[Data provided]
┄┄┄┄┄┄┄┄┄┄┄┄┄┄┄┄┄┄┄┄

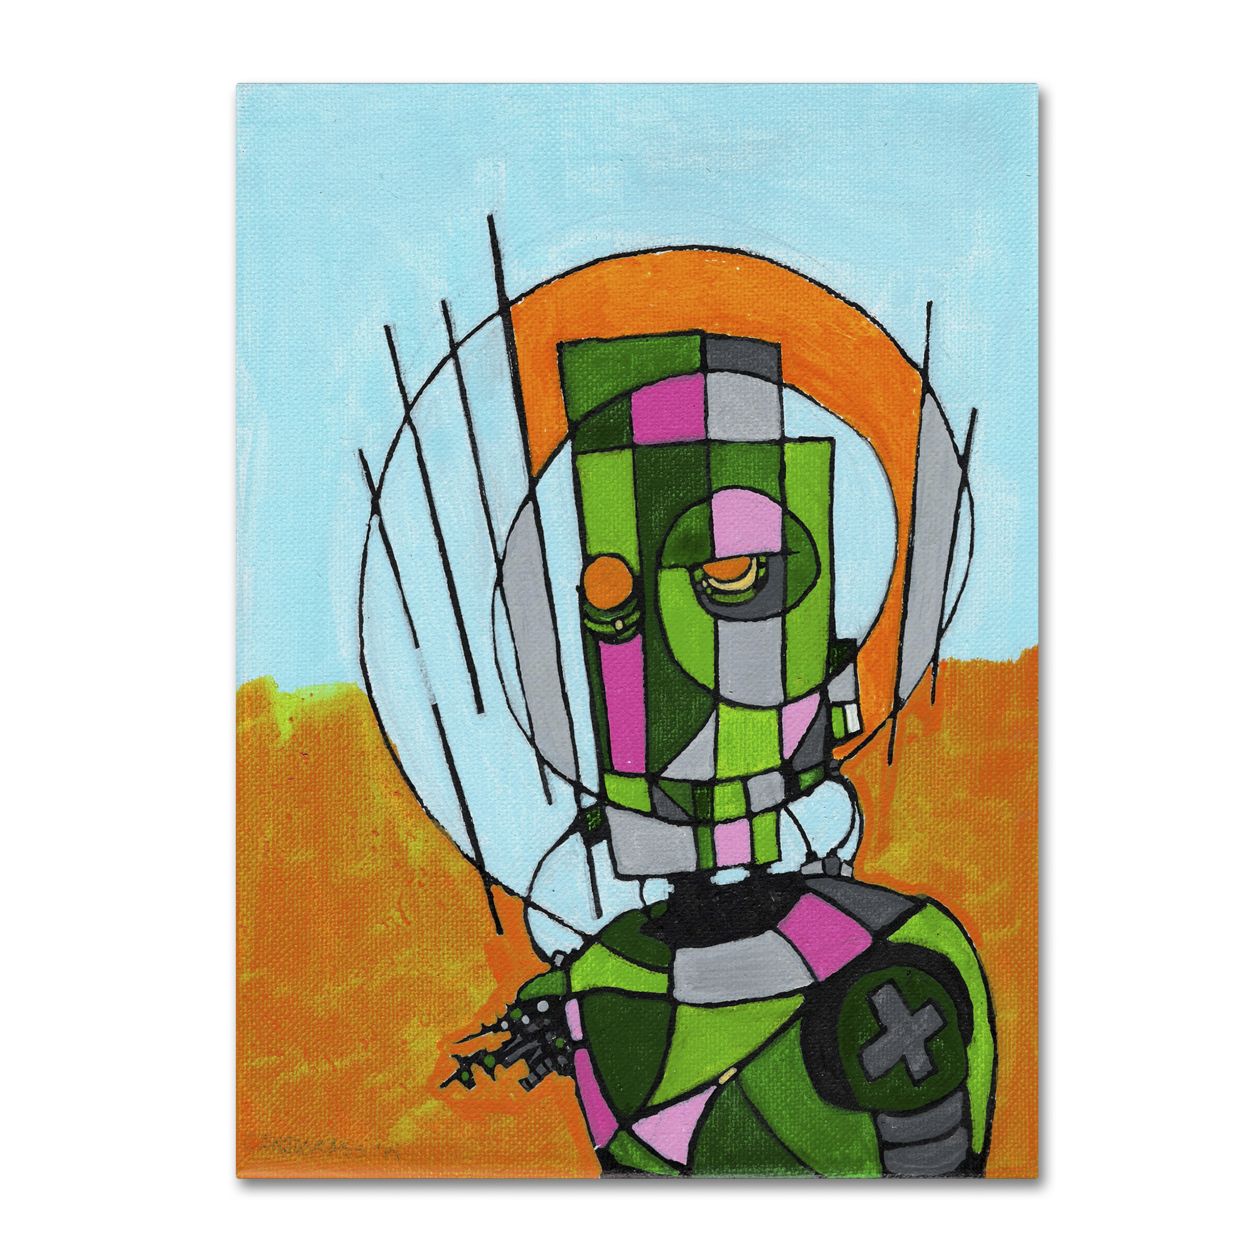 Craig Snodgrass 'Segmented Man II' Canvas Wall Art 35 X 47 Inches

┄┄┄┄┄┄┄┄┄┄┄┄┄┄┄┄┄┄┄┄

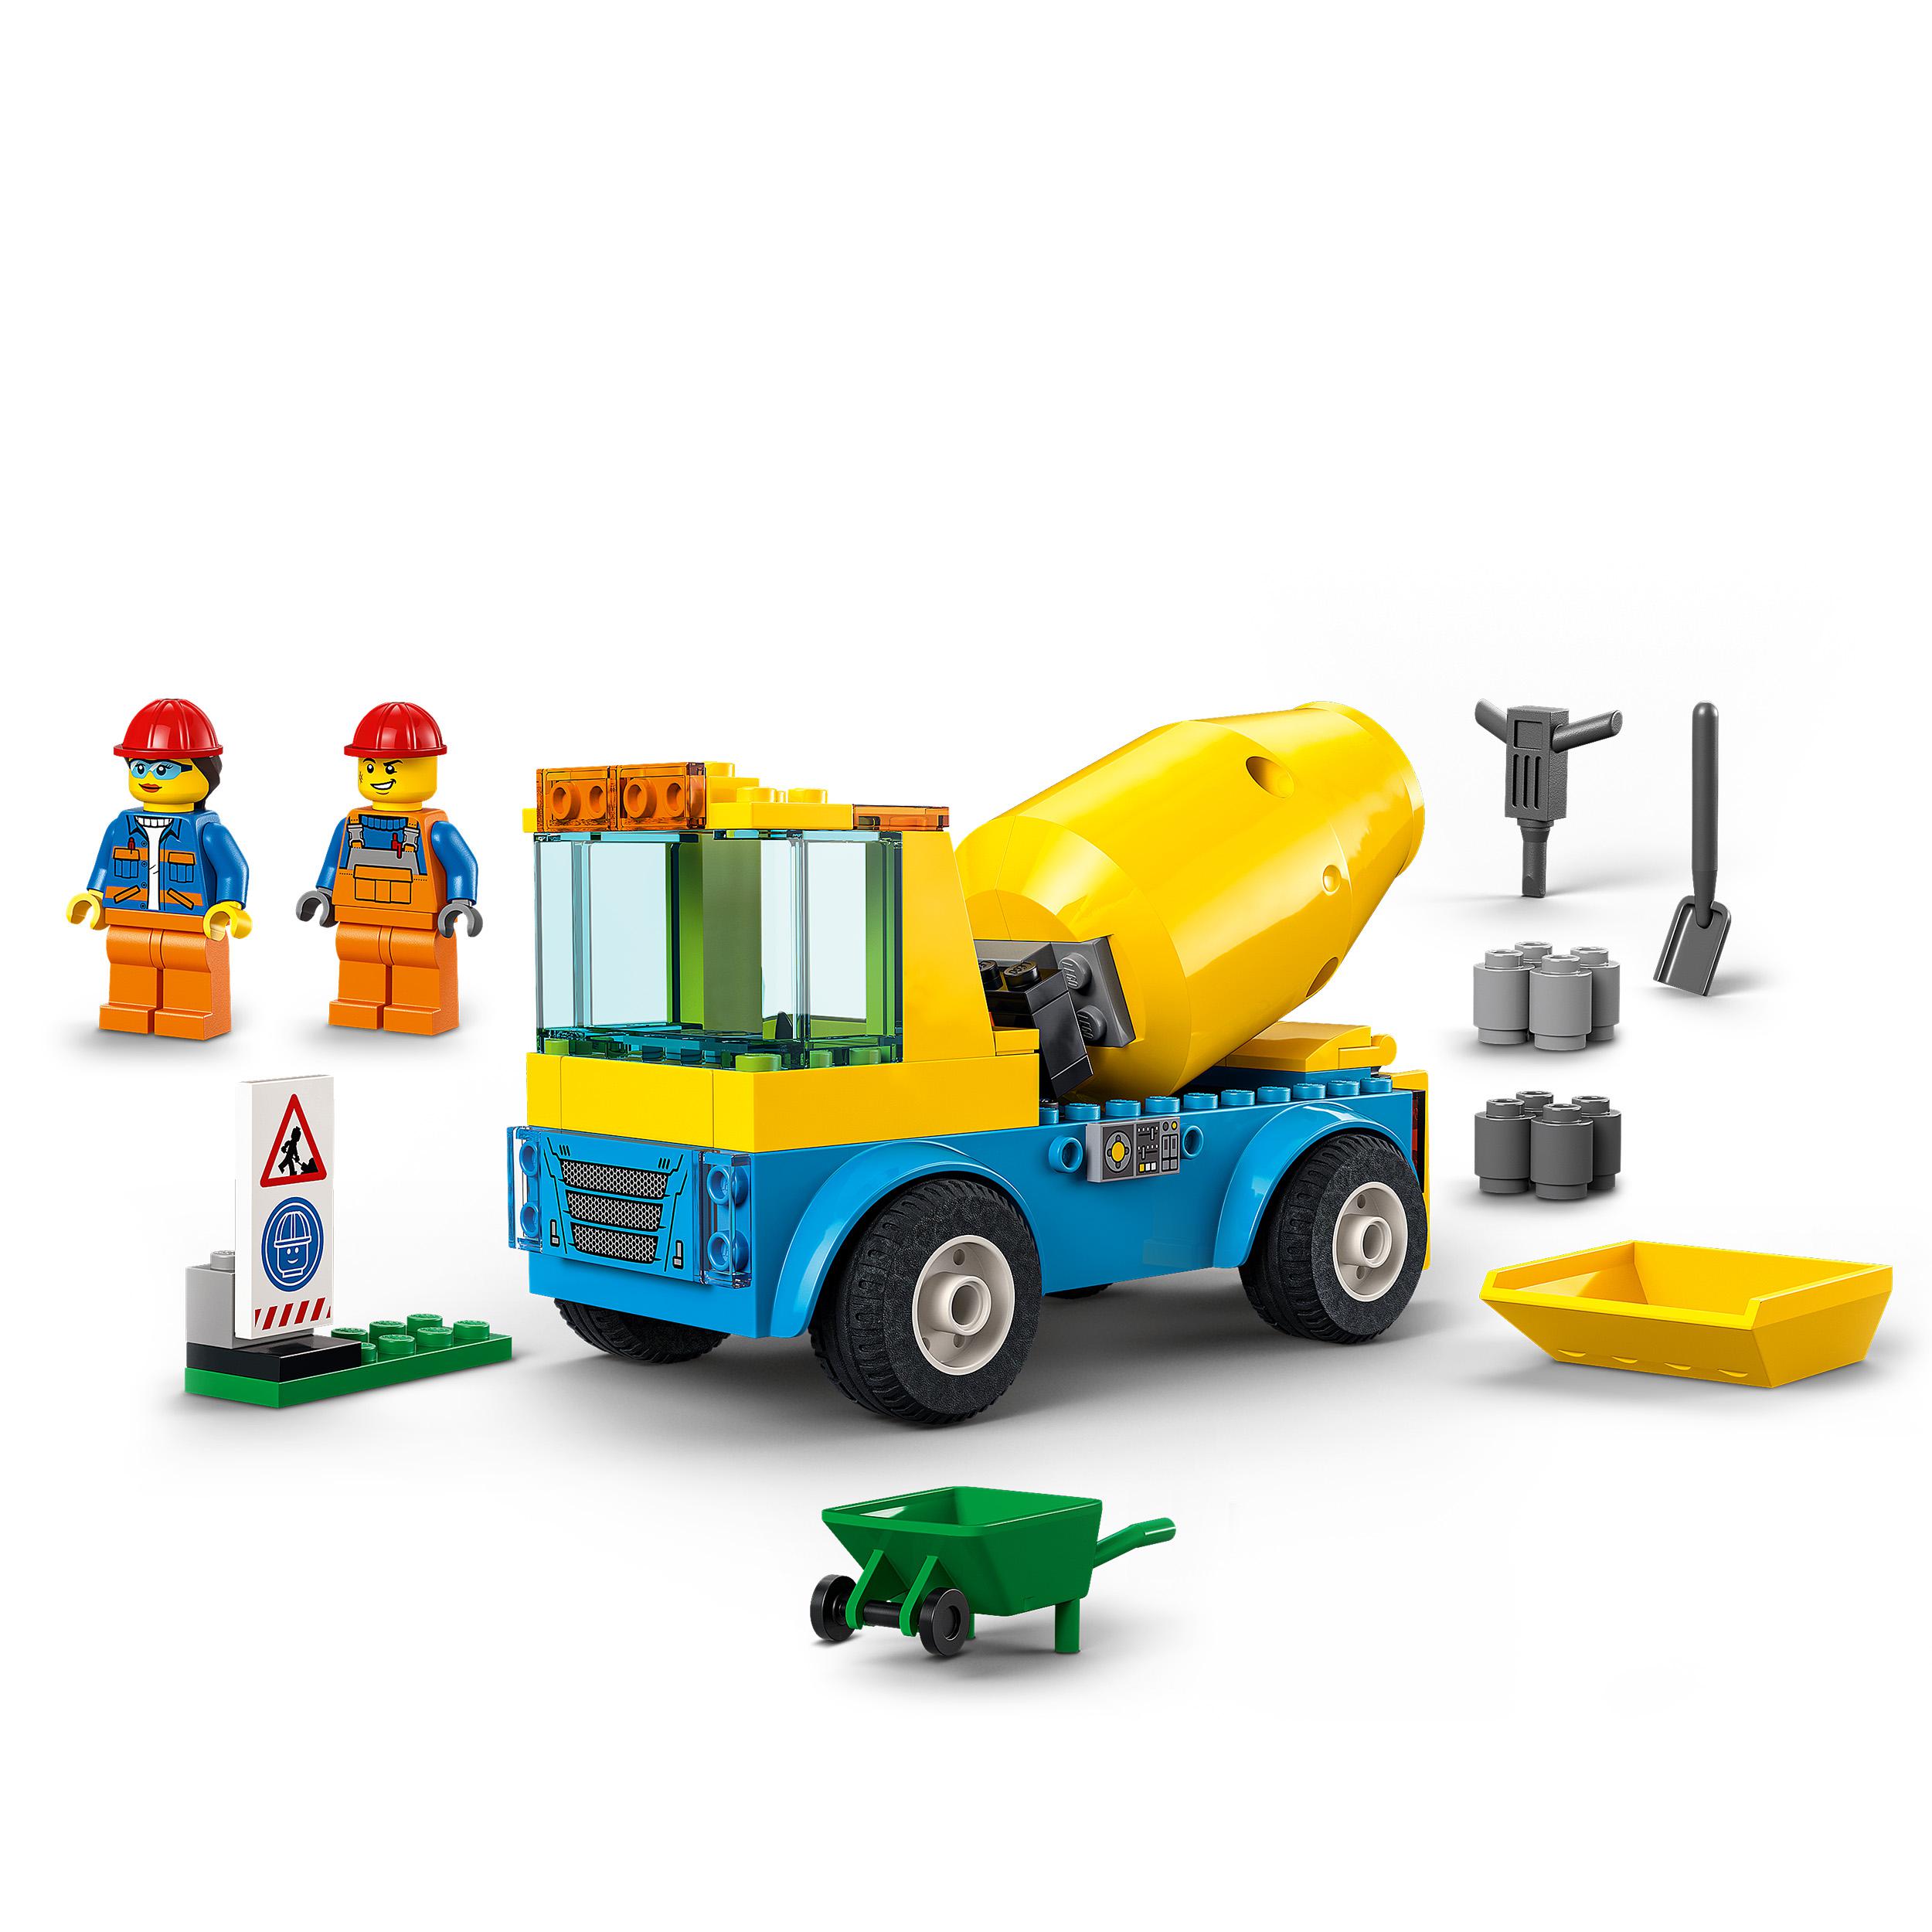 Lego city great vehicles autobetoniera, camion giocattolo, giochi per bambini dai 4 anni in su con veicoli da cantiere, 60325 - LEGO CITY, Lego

┄┄┄┄┄┄┄┄┄┄┄┄┄┄┄┄┄┄┄┄

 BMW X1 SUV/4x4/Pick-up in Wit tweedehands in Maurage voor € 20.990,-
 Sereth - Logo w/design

┄┄┄┄┄┄┄┄┄┄┄┄┄┄┄┄┄┄┄┄

[Work required] Return, word for word, the lines of the data above from the line with "BMW X1 SUV/4x4/Pick-up" through the line with "Sereth - Logo w/design", inclusive.

[Exercise output]
 BMW X1 SUV/4x4/Pick-up in Wit tweedehands in Maurage voor € 20.990,-
 Sereth - Logo w/design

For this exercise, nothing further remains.